It established a national minimum wage, guaranteed "time and a half" for overtime in certain jobs and prohibited most employment of minors in "oppressive child labor. " Children under the age of 18 cannot do certain dangerous jobs, and children under the age of 16 cannot work. 700,000 workers were affected by the FLSA.
Amendments
The 1947 Portal-to-Portal Act specified exactly what type of time was considered compensable work time. In general, as long as an employee is engaging in activities that benefit the employer, regardless of when they're performed, the employer has an obligation to pay the employee for his or her time. It also specified that travel to and from the work place was a normal incident of employment and shouldn't be considered paid working time.

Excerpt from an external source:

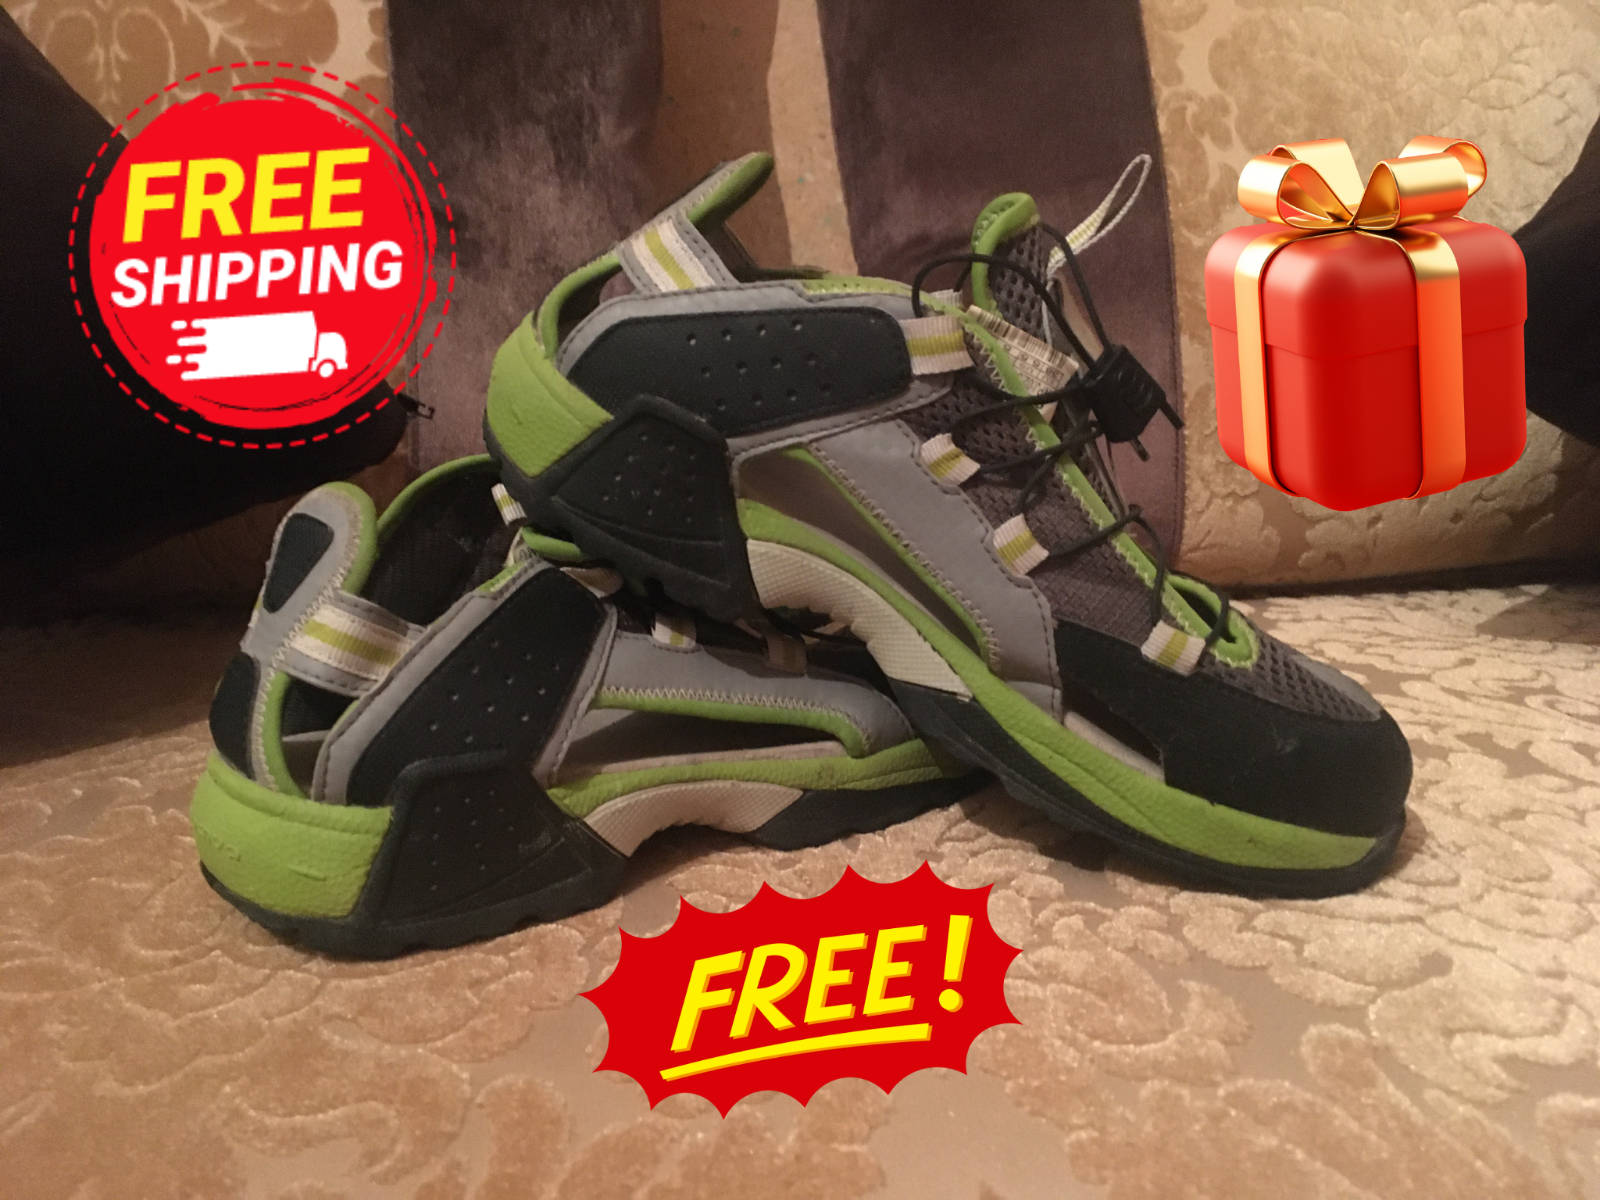 Kammer opskrift fjende Quechua Decathlon Arpenaz Sandal 700 JR Green 09 Oxylane Shoe Size 5.5US +  Gift | eBay

The full effect of the FLSA of 1938 was postponed by the wartime inflation of the 1940s, which lowered wage values to below the level specified in the act. The October 26, 1949 Fair Labor Standards Amendment included changes to overtime compensation, defined a "regular rate," redefined the term "produced," raised the minimum wage from 40 cents to 75 cents per hour, and extended child labor coverage. In 1955, the FLSA was amended once again to increase minimum wage, this time to $1 per hour. Subsequent amendments have continued to raise the minimum wage level according to inflation.
Practical Application
Generally, employees of a company who does at least $500,000 of business or gross sales in a year will be subject to the FLSA's protections. Several exemptions exist that relieve an employer from having to meet the statutory minimum wage, overtime, and record-keeping requirements. The largest exceptions apply to the so-called "white collar" exemptions that are applicable to professional, administrative, and executive employees. Exemptions are narrowly construed; an employer must prove that the employees fit "plainly and unmistakeably" within the exemption's terms.

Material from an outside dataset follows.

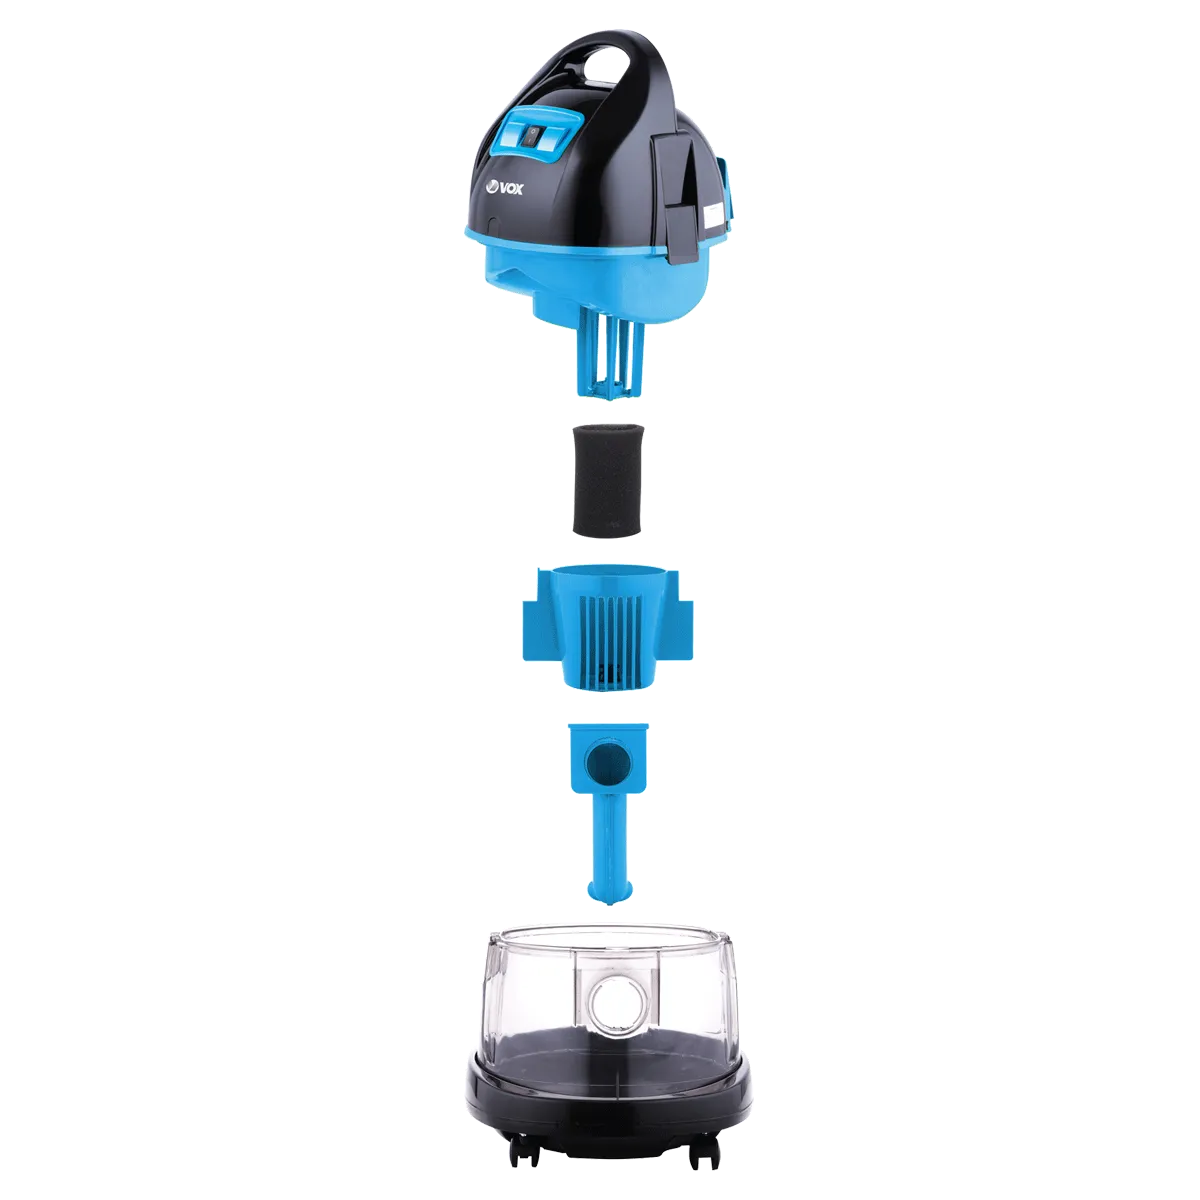 Vacuum cleaner SL 202

The FLSA applies to "any individual employed by an employer" but not to independent contractors or volunteers because they are not considered "employees" under the FLSA. Still, an employer cannot simply exempt workers from the FLSA by calling them independent contractors, and many employers have illegally misclassified their workers as independent contractors. Some employers similarly mislabel employees as volunteers. Courts will look at the "economic reality" of the relationship between the putative employer and the worker to determine whether the worker is, in fact, an independent contractor.
Presuming an employee is not exempt from overtime, there are many instances in which overtime is not paid properly, including when an employee is not paid for travel time between job sites, activities before their shift starts or after it ends, and activities to prepare for work that are central to work activities. If an employee is entitled to overtime, they must be paid one and a half times the employee's "regular rate of pay" for all hours worked over 40 in the same work week.